INFORMATION SUPPLIED =>

_____

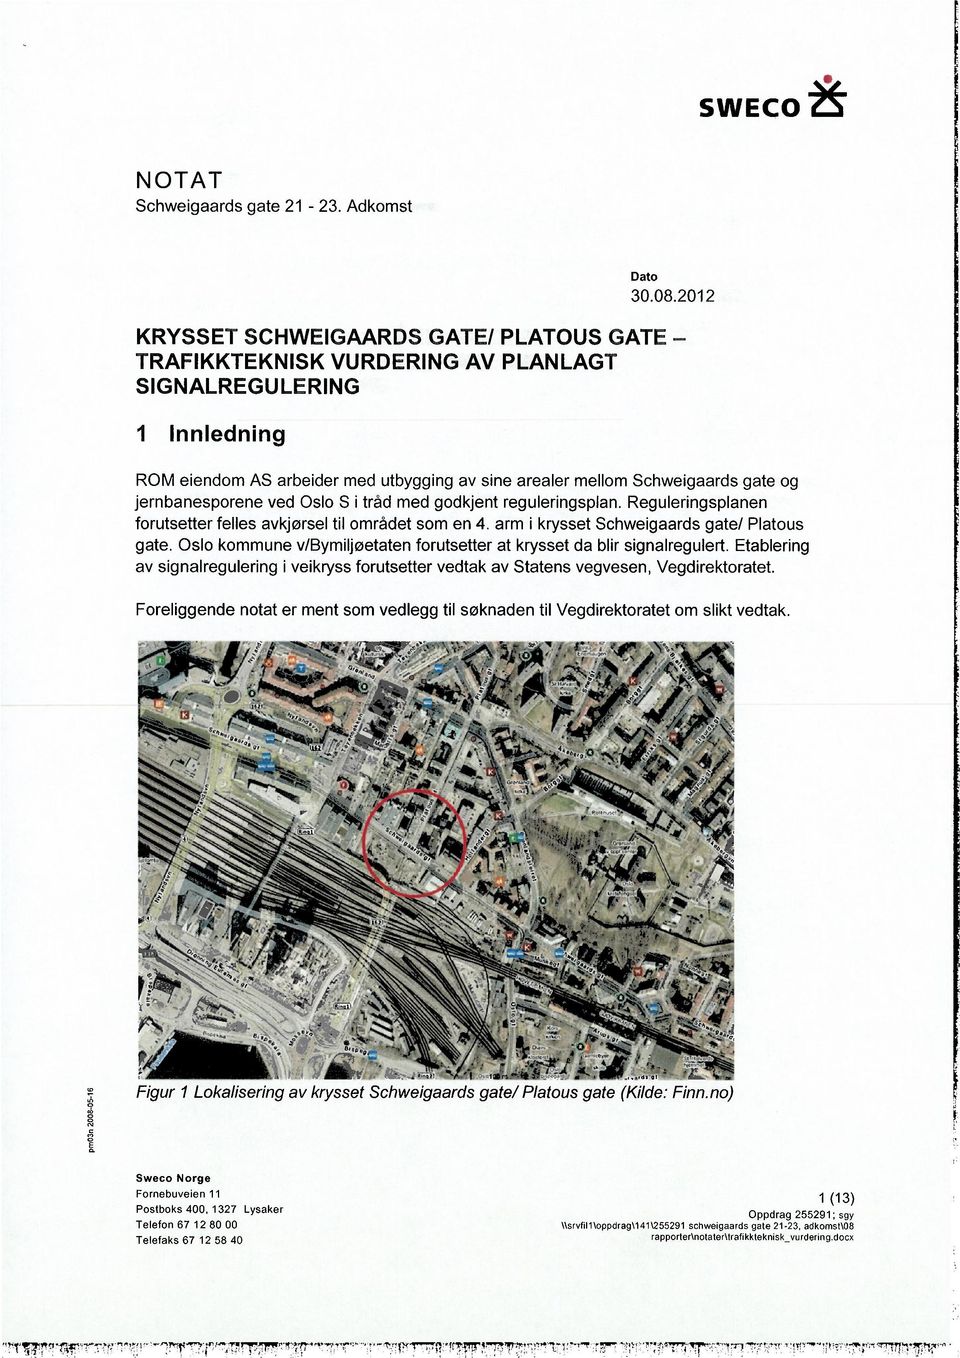 Oslo kommune v/bymiljøetaten forutsetter at krysset da blir signalregulert. Etablering av signalregulering i veikryss forutsetter vedtak av Statens vegvesen, Vegdirektoratet.
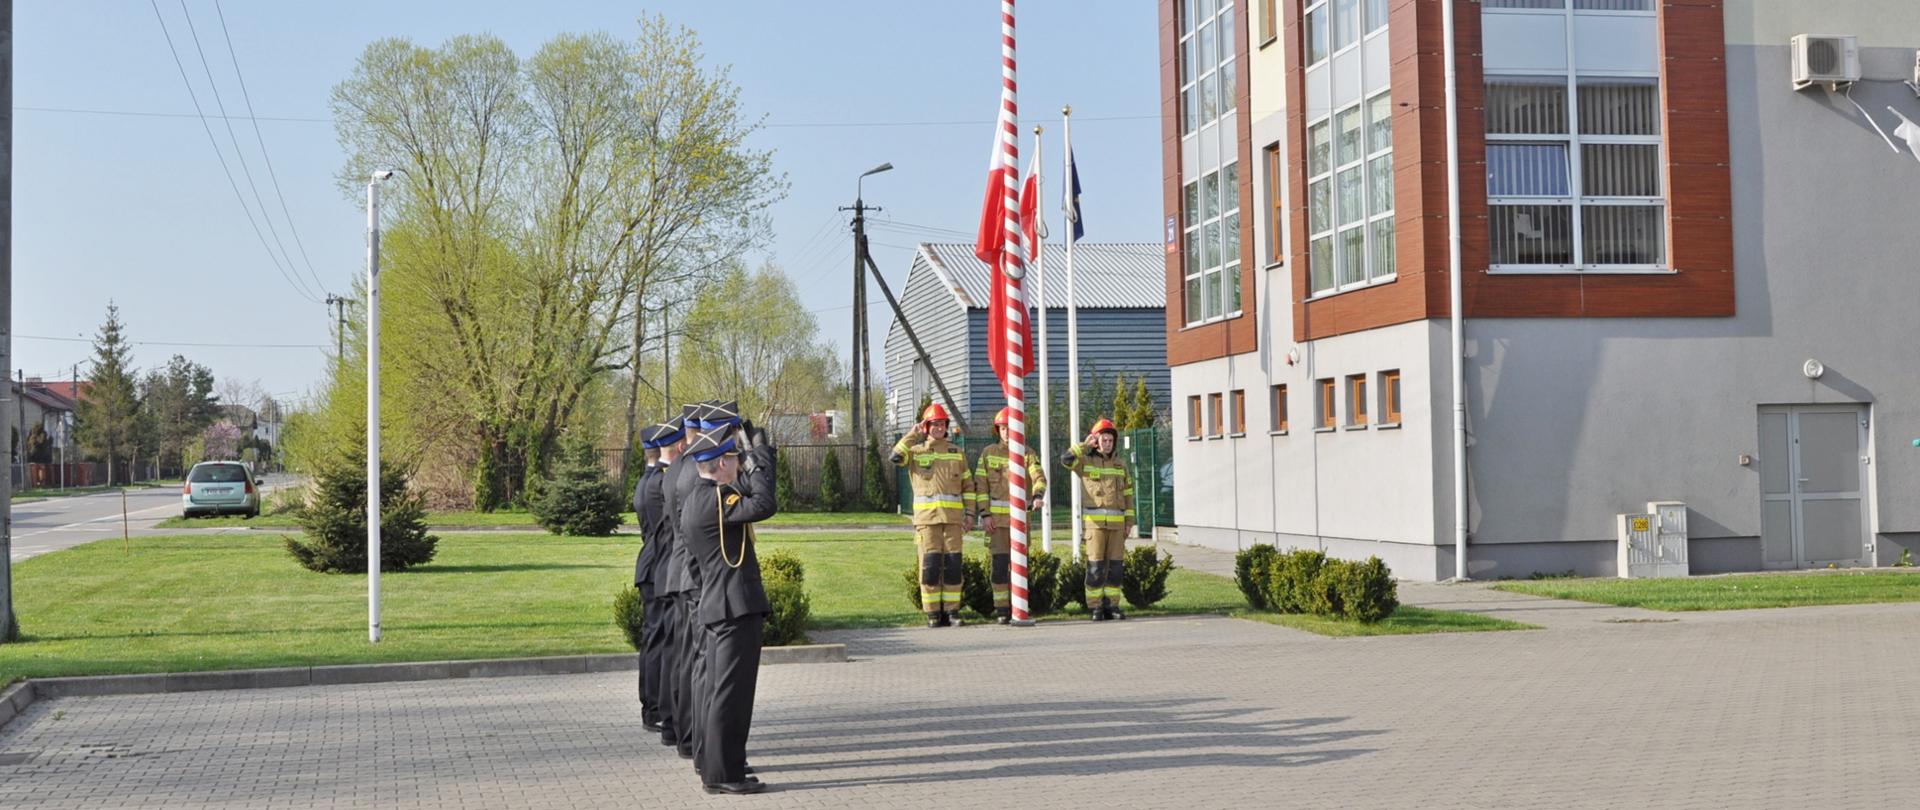 Uroczysta zbiórka z okazji święta flagi- strażacy stojący w strojach galowych.
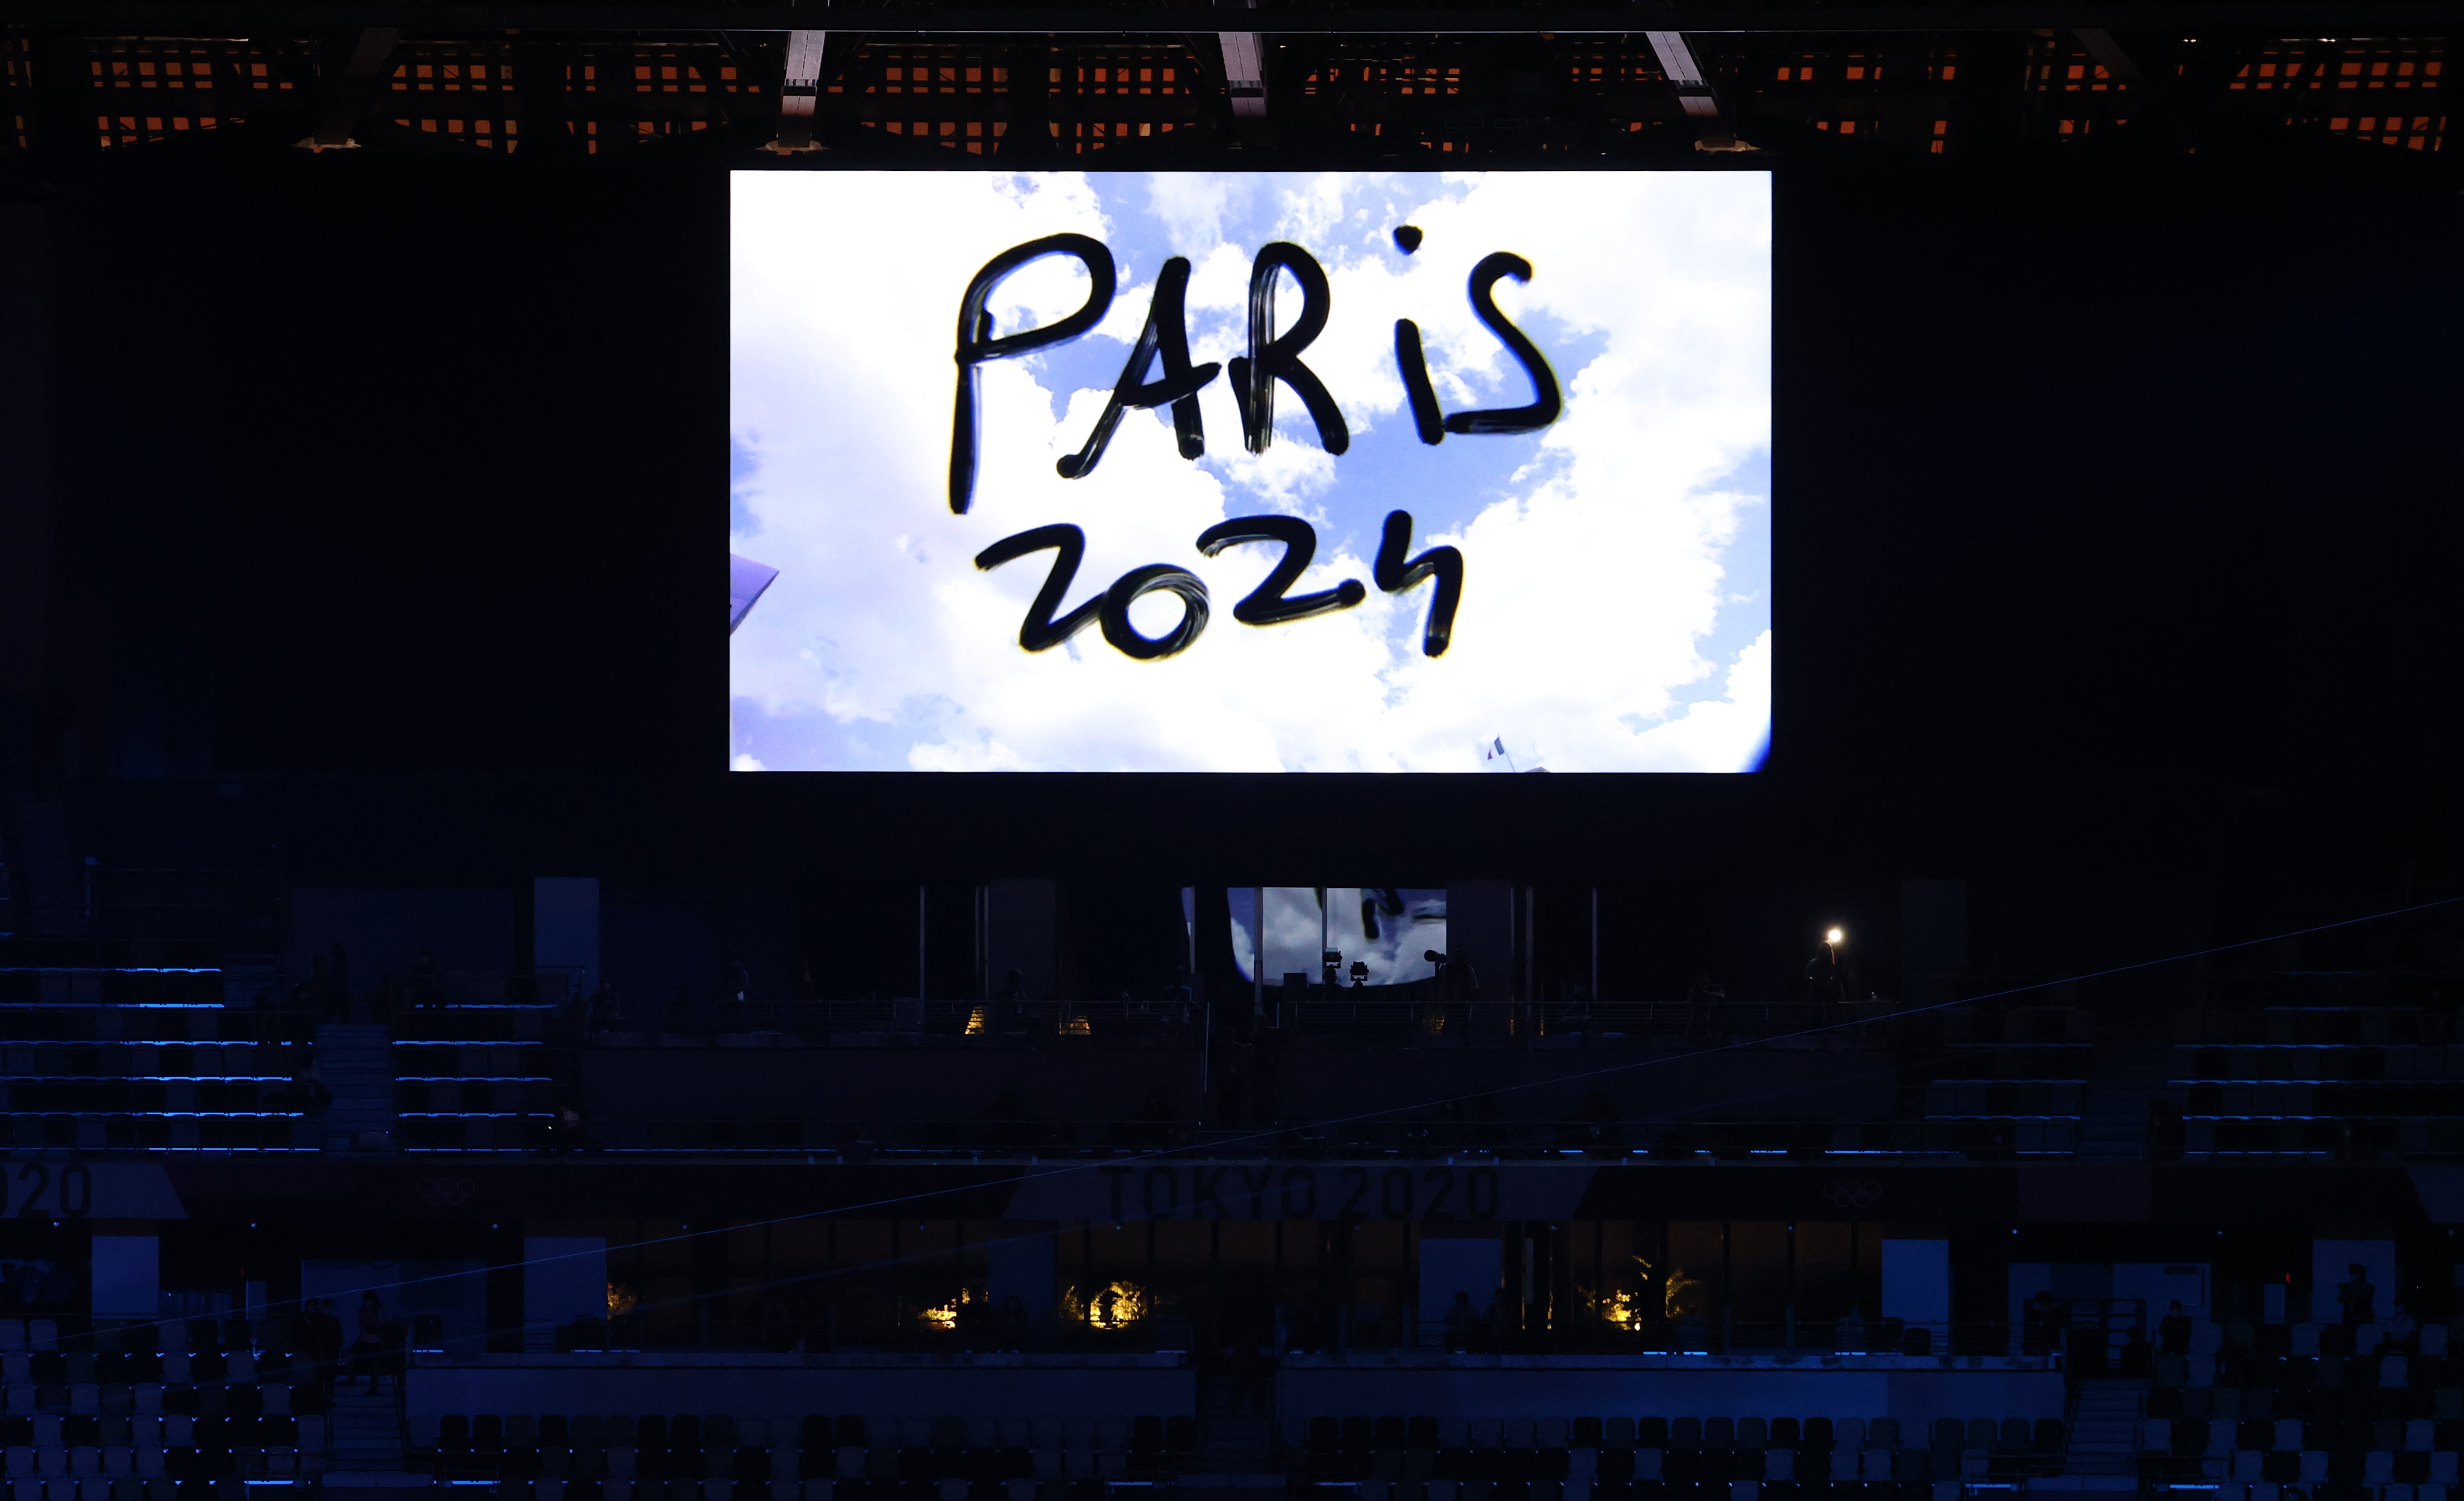  8일 열린 2020 도쿄올림픽 폐회식에서 2024 하계올림픽 개최지인 프랑스 파리의 홍보 영상이 상영되는 모습. [사진출처: 연합뉴스]

_____

EXERCISE => The listing should be transcribed exactly. No picture is to appear in the transcription.

RESPONSE TO THIS TASK =>
 Oslo kommune v/bymiljøetaten forutsetter at krysset da blir signalregulert. Etablering av signalregulering i veikryss forutsetter vedtak av Statens vegvesen, Vegdirektoratet.
 Uroczysta zbiórka z okazji święta flagi- strażacy stojący w strojach galowych.
  8일 열린 2020 도쿄올림픽 폐회식에서 2024 하계올림픽 개최지인 프랑스 파리의 홍보 영상이 상영되는 모습. [사진출처: 연합뉴스]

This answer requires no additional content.